Market Basket Analysis Dashboard
Market basket analysis dashboard may be used to make decisions about product promotions, visual merchandising, store segmentation, customer targeting, and more.
To build the market basket analysis dashboard we use the Tepegraph platform.

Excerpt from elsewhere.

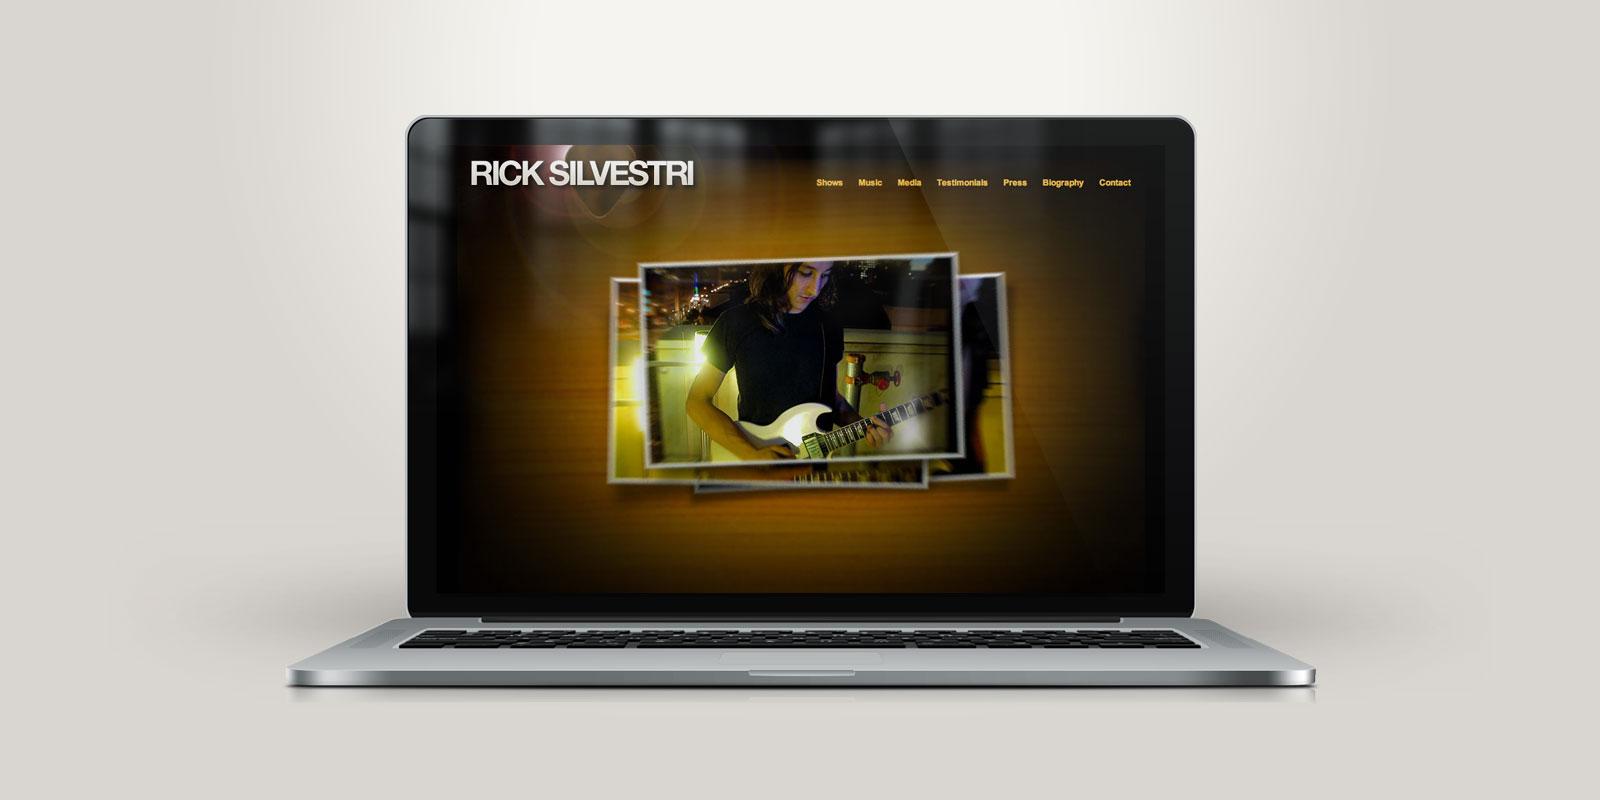 Rick Silvestri website on a laptop

We connect it to the dataset and use the platform to fetch the data with SQL queries and visualize the result.
We start with some basic measures that do not require association rules.
Customer Characteristics:
Proportion of customers and average purchase size of the customers who purchase the most popular products (100 best-selling items).
To find out the proportion we use the following query:
WITH orders AS ( SELECT * FROM superstore_orders WHERE EXTRACT(YEAR FROM order_date)= 2014 ), best_products AS ( SELECT product_id, SUM(quantity) AS quantity FROM orders GROUP BY product_id ORDER BY quantity DESC LIMIT 100 ), customers AS ( SELECT customer_id FROM orders GROUP BY customer_id ), selected_customers AS ( SELECT customer_id FROM orders WHERE product_id IN (SELECT product_id FROM best_products) GROUP BY customer_id ), result AS ( SELECT COUNT(customer_id) AS yes, ROUND((SELECT COUNT(customer_id) FROM customers),0) AS total, ROUND(((SELECT COUNT(customer_id) FROM customers) - COUNT(customer_id)),0) AS no FROM selected_customers ), pie AS ( SELECT yes AS values, 'Yes' as labels FROM result UNION SELECT no AS values, 'No' as labels FROM result ) SELECT * FROM pie
For the average purchase size:
WITH orders AS ( SELECT * FROM superstore_orders WHERE EXTRACT(YEAR FROM order_date)= 2014 ), best_products AS ( SELECT product_id, SUM(quantity) AS quantity FROM orders GROUP BY product_id ORDER BY quantity DESC LIMIT 100 ), customers AS ( SELECT customer_id, SUM(sales) AS sales FROM orders GROUP BY customer_id ), selected_customers AS ( SELECT customer_id, SUM(sales) AS sales FROM orders WHERE product_id IN (SELECT product_id FROM best_products) GROUP BY customer_id ), result AS ( SELECT ROUND(AVG(sales),2) AS avg_order_size FROM selected_customers ) SELECT * FROM result
Proportion of customers and average purchase size of customers who purchase the least popular products (100 worst selling items).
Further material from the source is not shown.